Dataset records:
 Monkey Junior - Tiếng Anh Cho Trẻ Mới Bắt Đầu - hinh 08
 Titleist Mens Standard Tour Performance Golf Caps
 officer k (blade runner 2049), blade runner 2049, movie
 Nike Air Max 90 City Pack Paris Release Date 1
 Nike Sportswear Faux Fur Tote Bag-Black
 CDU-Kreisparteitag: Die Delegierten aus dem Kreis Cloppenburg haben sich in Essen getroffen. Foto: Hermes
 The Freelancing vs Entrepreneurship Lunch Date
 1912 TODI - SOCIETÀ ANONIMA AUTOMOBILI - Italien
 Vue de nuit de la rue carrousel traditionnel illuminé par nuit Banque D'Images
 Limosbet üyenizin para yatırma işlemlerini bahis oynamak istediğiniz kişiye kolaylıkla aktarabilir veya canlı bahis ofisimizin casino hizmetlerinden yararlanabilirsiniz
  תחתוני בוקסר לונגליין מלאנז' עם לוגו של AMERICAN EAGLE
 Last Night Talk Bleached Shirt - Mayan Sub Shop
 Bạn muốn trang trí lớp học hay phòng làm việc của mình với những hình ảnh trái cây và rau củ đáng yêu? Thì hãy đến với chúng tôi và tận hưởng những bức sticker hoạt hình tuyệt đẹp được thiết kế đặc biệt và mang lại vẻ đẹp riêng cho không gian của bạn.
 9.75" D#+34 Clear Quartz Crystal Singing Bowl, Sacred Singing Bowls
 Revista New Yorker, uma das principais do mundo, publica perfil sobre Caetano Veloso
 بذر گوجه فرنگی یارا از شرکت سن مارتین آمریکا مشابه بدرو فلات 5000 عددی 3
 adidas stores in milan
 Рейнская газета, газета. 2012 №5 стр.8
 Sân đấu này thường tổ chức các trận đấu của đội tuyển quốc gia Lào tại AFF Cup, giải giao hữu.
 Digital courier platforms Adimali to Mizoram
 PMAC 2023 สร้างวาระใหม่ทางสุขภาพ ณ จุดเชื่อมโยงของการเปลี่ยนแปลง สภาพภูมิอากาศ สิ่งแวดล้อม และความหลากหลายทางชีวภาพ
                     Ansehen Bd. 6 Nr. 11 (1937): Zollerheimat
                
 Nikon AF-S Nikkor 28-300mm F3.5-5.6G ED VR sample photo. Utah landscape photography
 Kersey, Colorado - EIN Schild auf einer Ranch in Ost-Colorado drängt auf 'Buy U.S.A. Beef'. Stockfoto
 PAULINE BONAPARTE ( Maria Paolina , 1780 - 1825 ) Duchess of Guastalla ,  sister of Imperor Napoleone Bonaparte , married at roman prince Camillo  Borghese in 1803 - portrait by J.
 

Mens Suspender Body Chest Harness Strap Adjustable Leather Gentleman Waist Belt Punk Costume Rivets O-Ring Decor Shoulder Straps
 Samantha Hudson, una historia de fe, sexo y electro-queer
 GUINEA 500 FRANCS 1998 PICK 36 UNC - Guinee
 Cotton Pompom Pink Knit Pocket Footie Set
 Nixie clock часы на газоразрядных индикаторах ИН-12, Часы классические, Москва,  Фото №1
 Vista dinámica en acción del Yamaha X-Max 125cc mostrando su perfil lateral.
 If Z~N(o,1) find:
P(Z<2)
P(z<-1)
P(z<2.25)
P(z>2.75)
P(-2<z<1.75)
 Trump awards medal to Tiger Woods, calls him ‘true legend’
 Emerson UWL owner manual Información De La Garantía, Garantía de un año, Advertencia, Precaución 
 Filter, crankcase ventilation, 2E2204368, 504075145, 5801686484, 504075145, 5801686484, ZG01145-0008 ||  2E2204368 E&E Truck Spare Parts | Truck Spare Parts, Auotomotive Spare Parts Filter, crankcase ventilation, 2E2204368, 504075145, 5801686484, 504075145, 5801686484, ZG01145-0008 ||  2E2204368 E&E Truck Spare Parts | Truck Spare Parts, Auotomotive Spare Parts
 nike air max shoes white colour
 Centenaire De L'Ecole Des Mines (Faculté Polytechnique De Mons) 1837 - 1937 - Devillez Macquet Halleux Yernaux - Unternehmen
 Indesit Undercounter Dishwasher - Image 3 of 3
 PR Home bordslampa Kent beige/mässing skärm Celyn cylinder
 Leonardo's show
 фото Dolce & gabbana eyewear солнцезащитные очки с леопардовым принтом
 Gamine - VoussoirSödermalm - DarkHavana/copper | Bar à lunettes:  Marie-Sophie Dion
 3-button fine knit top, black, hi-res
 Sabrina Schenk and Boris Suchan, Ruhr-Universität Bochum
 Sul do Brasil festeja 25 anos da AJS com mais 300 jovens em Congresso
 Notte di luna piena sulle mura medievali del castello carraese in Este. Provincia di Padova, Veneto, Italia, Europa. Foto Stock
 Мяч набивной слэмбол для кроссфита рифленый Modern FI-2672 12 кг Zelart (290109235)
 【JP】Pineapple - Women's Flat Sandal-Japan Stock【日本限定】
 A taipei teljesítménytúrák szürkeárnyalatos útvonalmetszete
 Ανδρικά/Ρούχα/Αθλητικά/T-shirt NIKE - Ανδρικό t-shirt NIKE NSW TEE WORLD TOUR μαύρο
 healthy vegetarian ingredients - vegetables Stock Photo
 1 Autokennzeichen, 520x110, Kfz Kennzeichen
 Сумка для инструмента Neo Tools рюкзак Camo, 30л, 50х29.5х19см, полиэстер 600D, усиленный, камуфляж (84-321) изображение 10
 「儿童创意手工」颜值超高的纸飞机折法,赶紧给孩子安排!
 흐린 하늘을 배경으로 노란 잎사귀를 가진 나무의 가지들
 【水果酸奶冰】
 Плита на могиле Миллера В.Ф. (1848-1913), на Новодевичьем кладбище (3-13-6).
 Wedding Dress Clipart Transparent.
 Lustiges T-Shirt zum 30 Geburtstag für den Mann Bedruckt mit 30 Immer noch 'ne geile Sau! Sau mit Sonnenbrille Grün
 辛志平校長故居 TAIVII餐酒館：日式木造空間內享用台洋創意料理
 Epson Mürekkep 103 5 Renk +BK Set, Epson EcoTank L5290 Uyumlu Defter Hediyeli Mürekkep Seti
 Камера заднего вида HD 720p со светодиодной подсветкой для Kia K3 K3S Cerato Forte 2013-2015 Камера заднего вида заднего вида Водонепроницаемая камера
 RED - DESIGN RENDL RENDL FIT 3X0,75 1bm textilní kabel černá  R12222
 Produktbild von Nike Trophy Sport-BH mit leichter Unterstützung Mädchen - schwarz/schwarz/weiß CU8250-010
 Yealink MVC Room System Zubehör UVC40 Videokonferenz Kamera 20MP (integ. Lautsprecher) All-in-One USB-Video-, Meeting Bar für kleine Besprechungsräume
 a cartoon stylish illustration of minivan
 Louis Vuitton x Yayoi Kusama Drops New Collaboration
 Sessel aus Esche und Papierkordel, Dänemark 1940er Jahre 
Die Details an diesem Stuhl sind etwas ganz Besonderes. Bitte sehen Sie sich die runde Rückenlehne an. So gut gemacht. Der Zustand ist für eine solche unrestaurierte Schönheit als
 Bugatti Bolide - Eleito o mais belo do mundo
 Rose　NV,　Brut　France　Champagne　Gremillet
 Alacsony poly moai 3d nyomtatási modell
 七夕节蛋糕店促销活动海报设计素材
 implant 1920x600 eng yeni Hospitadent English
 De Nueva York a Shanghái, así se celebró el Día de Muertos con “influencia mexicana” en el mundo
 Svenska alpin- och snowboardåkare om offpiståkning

Work order: Lines from the top of the entries above to the line that contains "Mens Suspender Body" should be set down exactly, please, with both ends kept and nothing added.

Your response:
 Monkey Junior - Tiếng Anh Cho Trẻ Mới Bắt Đầu - hinh 08
 Titleist Mens Standard Tour Performance Golf Caps
 officer k (blade runner 2049), blade runner 2049, movie
 Nike Air Max 90 City Pack Paris Release Date 1
 Nike Sportswear Faux Fur Tote Bag-Black
 CDU-Kreisparteitag: Die Delegierten aus dem Kreis Cloppenburg haben sich in Essen getroffen. Foto: Hermes
 The Freelancing vs Entrepreneurship Lunch Date
 1912 TODI - SOCIETÀ ANONIMA AUTOMOBILI - Italien
 Vue de nuit de la rue carrousel traditionnel illuminé par nuit Banque D'Images
 Limosbet üyenizin para yatırma işlemlerini bahis oynamak istediğiniz kişiye kolaylıkla aktarabilir veya canlı bahis ofisimizin casino hizmetlerinden yararlanabilirsiniz
  תחתוני בוקסר לונגליין מלאנז' עם לוגו של AMERICAN EAGLE
 Last Night Talk Bleached Shirt - Mayan Sub Shop
 Bạn muốn trang trí lớp học hay phòng làm việc của mình với những hình ảnh trái cây và rau củ đáng yêu? Thì hãy đến với chúng tôi và tận hưởng những bức sticker hoạt hình tuyệt đẹp được thiết kế đặc biệt và mang lại vẻ đẹp riêng cho không gian của bạn.
 9.75" D#+34 Clear Quartz Crystal Singing Bowl, Sacred Singing Bowls
 Revista New Yorker, uma das principais do mundo, publica perfil sobre Caetano Veloso
 بذر گوجه فرنگی یارا از شرکت سن مارتین آمریکا مشابه بدرو فلات 5000 عددی 3
 adidas stores in milan
 Рейнская газета, газета. 2012 №5 стр.8
 Sân đấu này thường tổ chức các trận đấu của đội tuyển quốc gia Lào tại AFF Cup, giải giao hữu.
 Digital courier platforms Adimali to Mizoram
 PMAC 2023 สร้างวาระใหม่ทางสุขภาพ ณ จุดเชื่อมโยงของการเปลี่ยนแปลง สภาพภูมิอากาศ สิ่งแวดล้อม และความหลากหลายทางชีวภาพ
                     Ansehen Bd. 6 Nr. 11 (1937): Zollerheimat
                
 Nikon AF-S Nikkor 28-300mm F3.5-5.6G ED VR sample photo. Utah landscape photography
 Kersey, Colorado - EIN Schild auf einer Ranch in Ost-Colorado drängt auf 'Buy U.S.A. Beef'. Stockfoto
 PAULINE BONAPARTE ( Maria Paolina , 1780 - 1825 ) Duchess of Guastalla ,  sister of Imperor Napoleone Bonaparte , married at roman prince Camillo  Borghese in 1803 - portrait by J.
 

Mens Suspender Body Chest Harness Strap Adjustable Leather Gentleman Waist Belt Punk Costume Rivets O-Ring Decor Shoulder Straps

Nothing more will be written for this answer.